お妃教育の時間が終わり、皆で老師の部屋で軽い食事を楽しんでいた時。

夕鈴は思い切って休暇をお願いしてみた。

 

「弟も気がかりですし、少し、お休みを頂きたいんです!!」

「ああ、そういえば、貴女には官吏を目指す弟がいましたね。」

「そうなんです!この肉饅頭も弟の好物です!」

「りんりんちゃん、これうめぇよ。」

「ありがとう!!大ちゃんはいつもいい食べっぷりで嬉しいわ。」

「私にはちょっと塩っ辛いですがね。」

「掃除娘!年寄りにはもう少し優しい味付けにせんかい!」

「・・・姑、小姑。」

「何かおっしゃりましたか?休みを頂きたくなくなったと?」

「いえ!何でもありません!次はもう少し薄くします!!」

 

最初は掃除だけを空いている時間にやっていた夕鈴だったが、最近では戻った時に料理の腕が落ちていると困る、と言うのと、陛下に合わせると食事の時間が無くなると言う李順の為というのでお妃教育のある日は老師の部屋で軽く食べられる料理を作ることが常態化していた。

李順の時間が少しでも空けば妃教育がなされるので、ほぼ毎日といってよかった。

その為毎日共に軽食を取る中で気心も知れ、授業さえ終わってしまえば気の抜けるお気楽な会合でもあった。

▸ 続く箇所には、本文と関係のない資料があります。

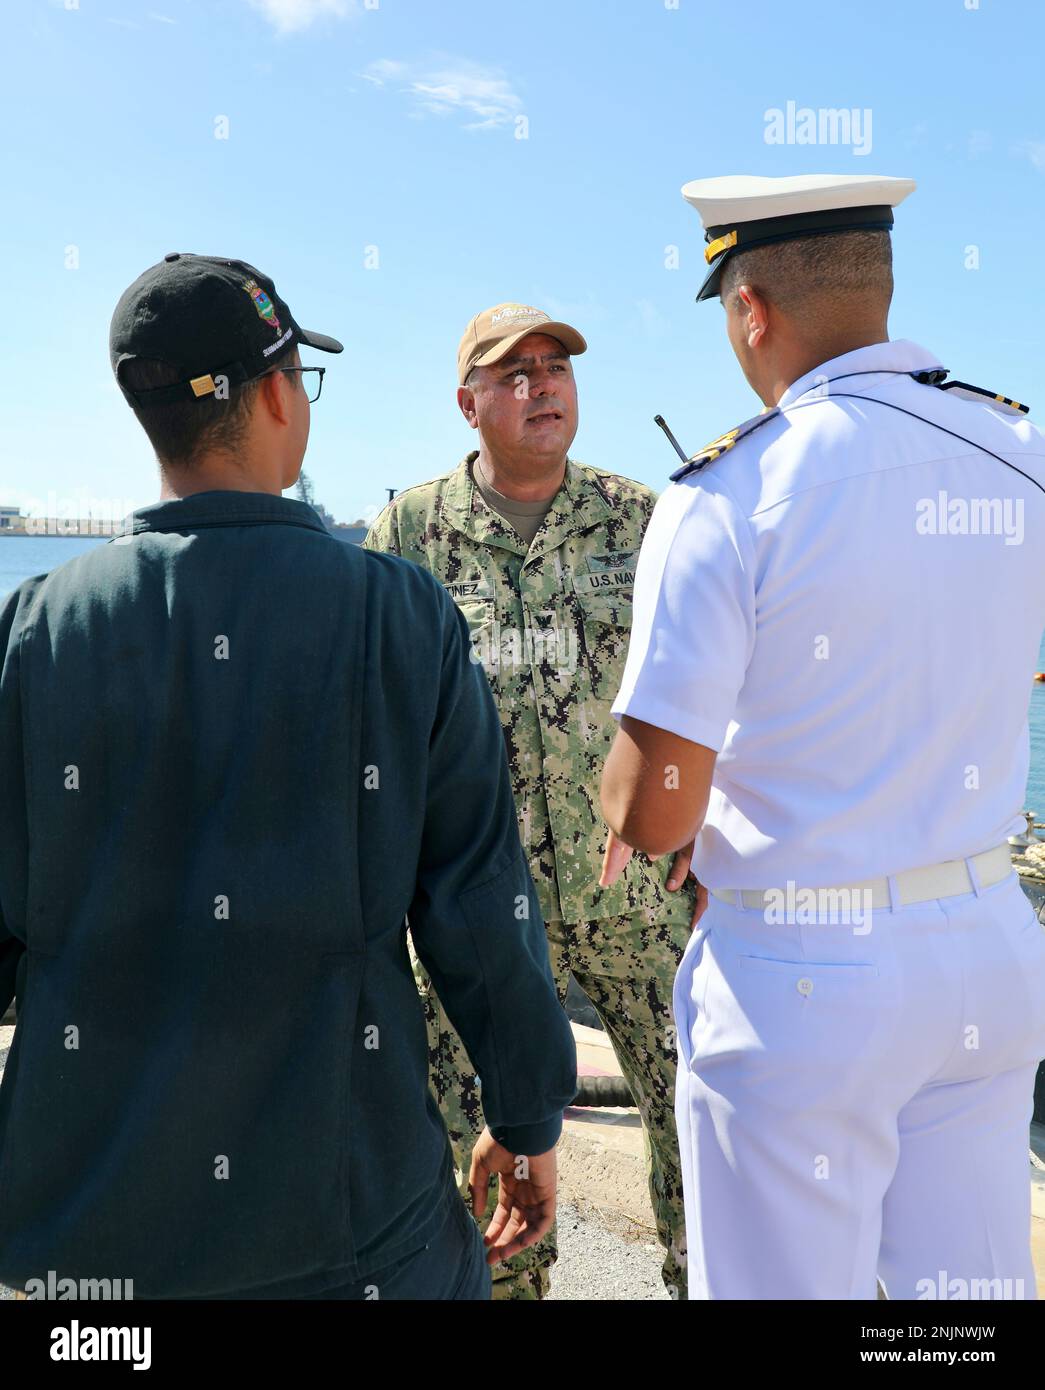 U.S. Navy Logistics Specialist 1st Class Luis Martinez, center, discusses an upcoming fuel delivery with Brazilian submarine crewmembers Nelson Luiz Moreira Da Silva Jr., right, and Gabriel Fontes Melo Bitencort. Stock Photo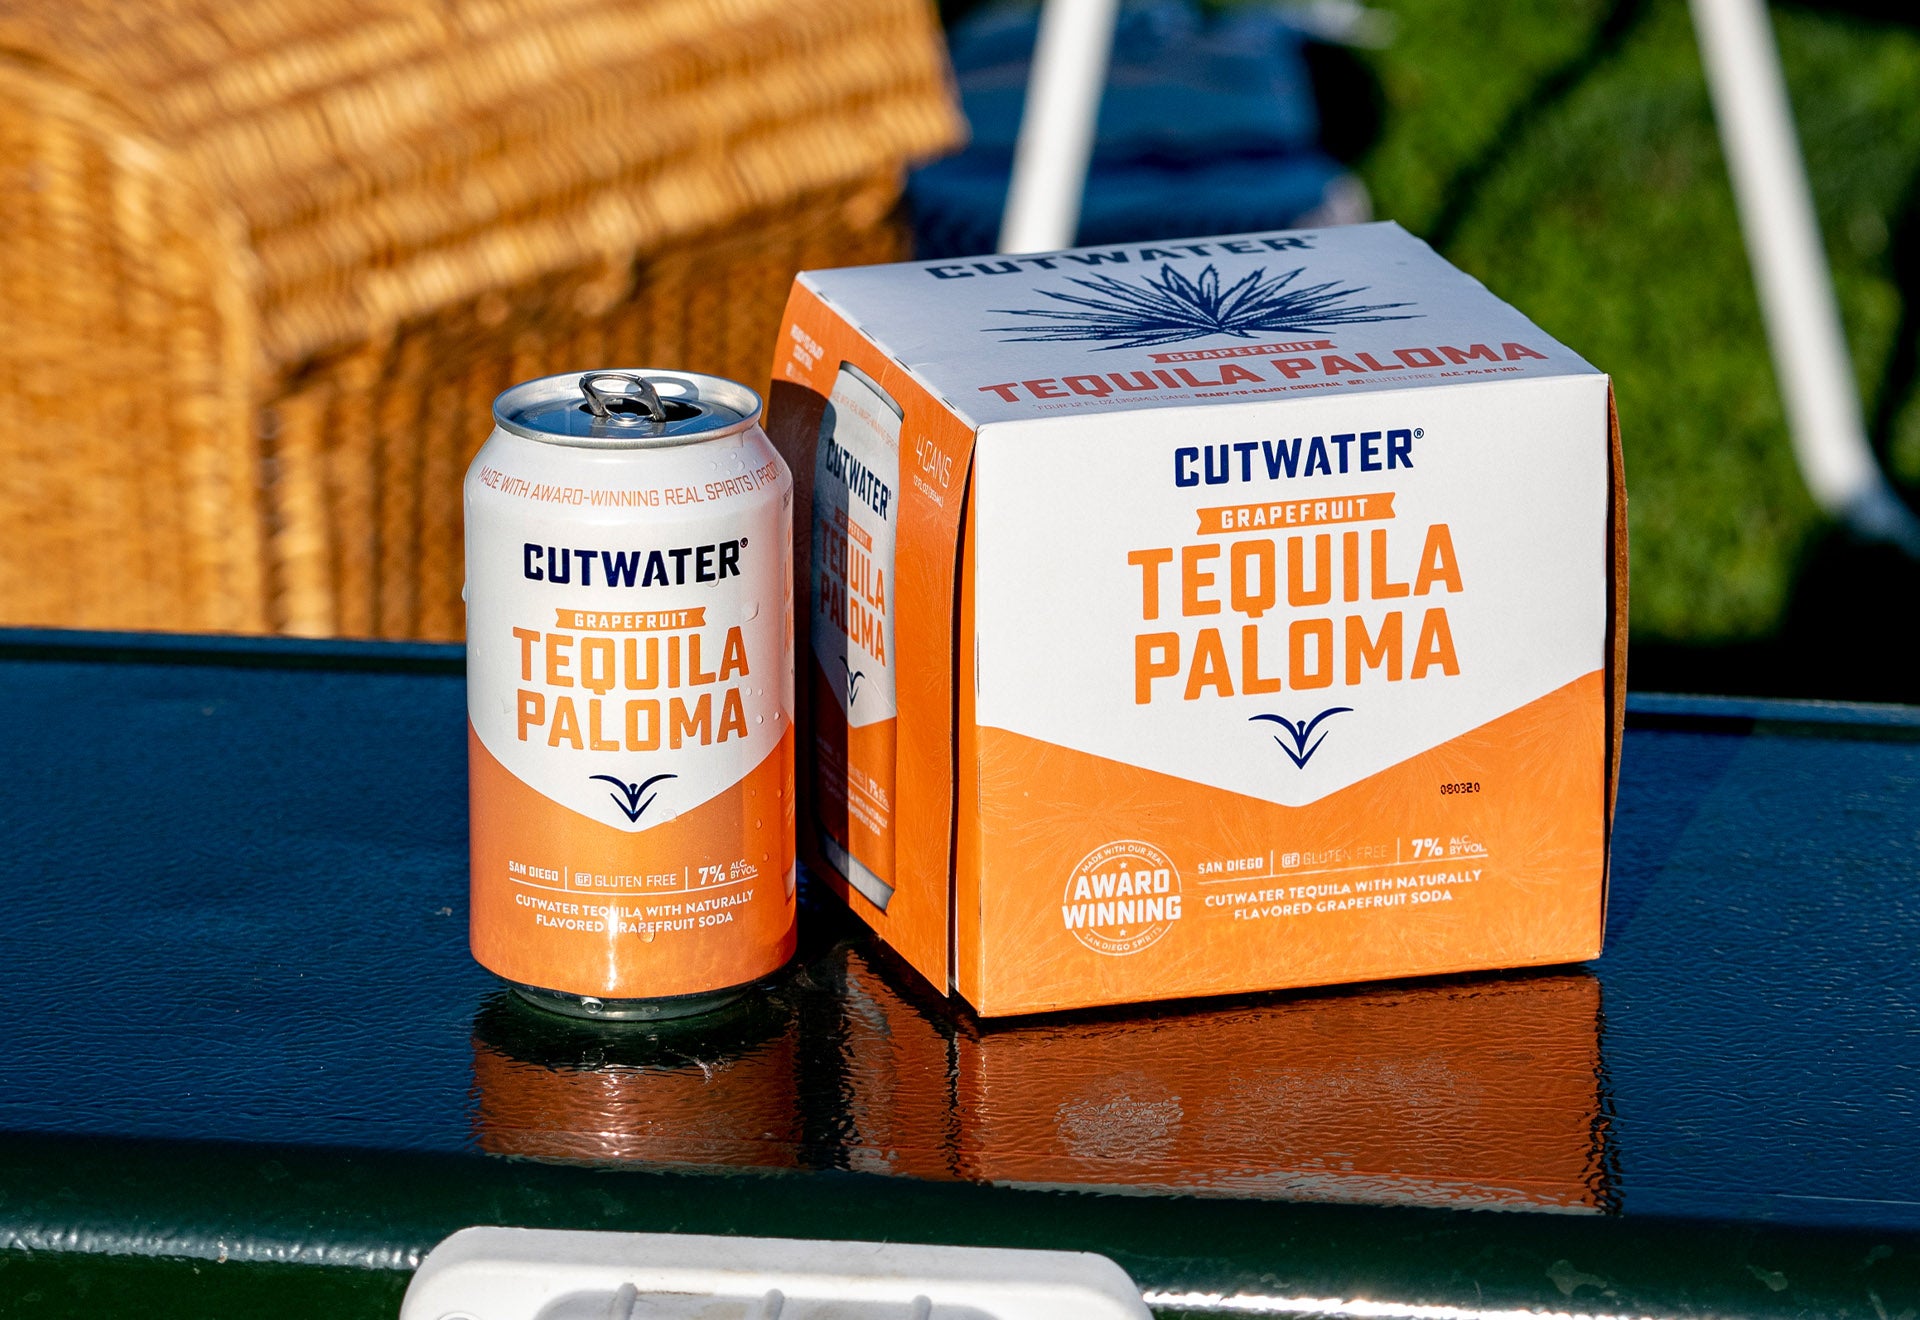 Cutwater Tequila Paloma 4 pack

と言っても食べ方一つとっても妃として食べる様に言われめんどくさいことではあったけど。

 

「ふむ。そうですね。囮として何件かもう役に立っていただいてますし、一度宿下がりとして休暇を取っていただいても構わないと思います。まぁ、一応妃なので、陛下の決済が必要ですが、問題ないでしょう。その間、紅珠様に来ていただけば、氾の顔も立つでしょうしね。」

 

居ない間に紅珠様が陛下をご訪問される・・・。

 

震える両手を握りしめて言った。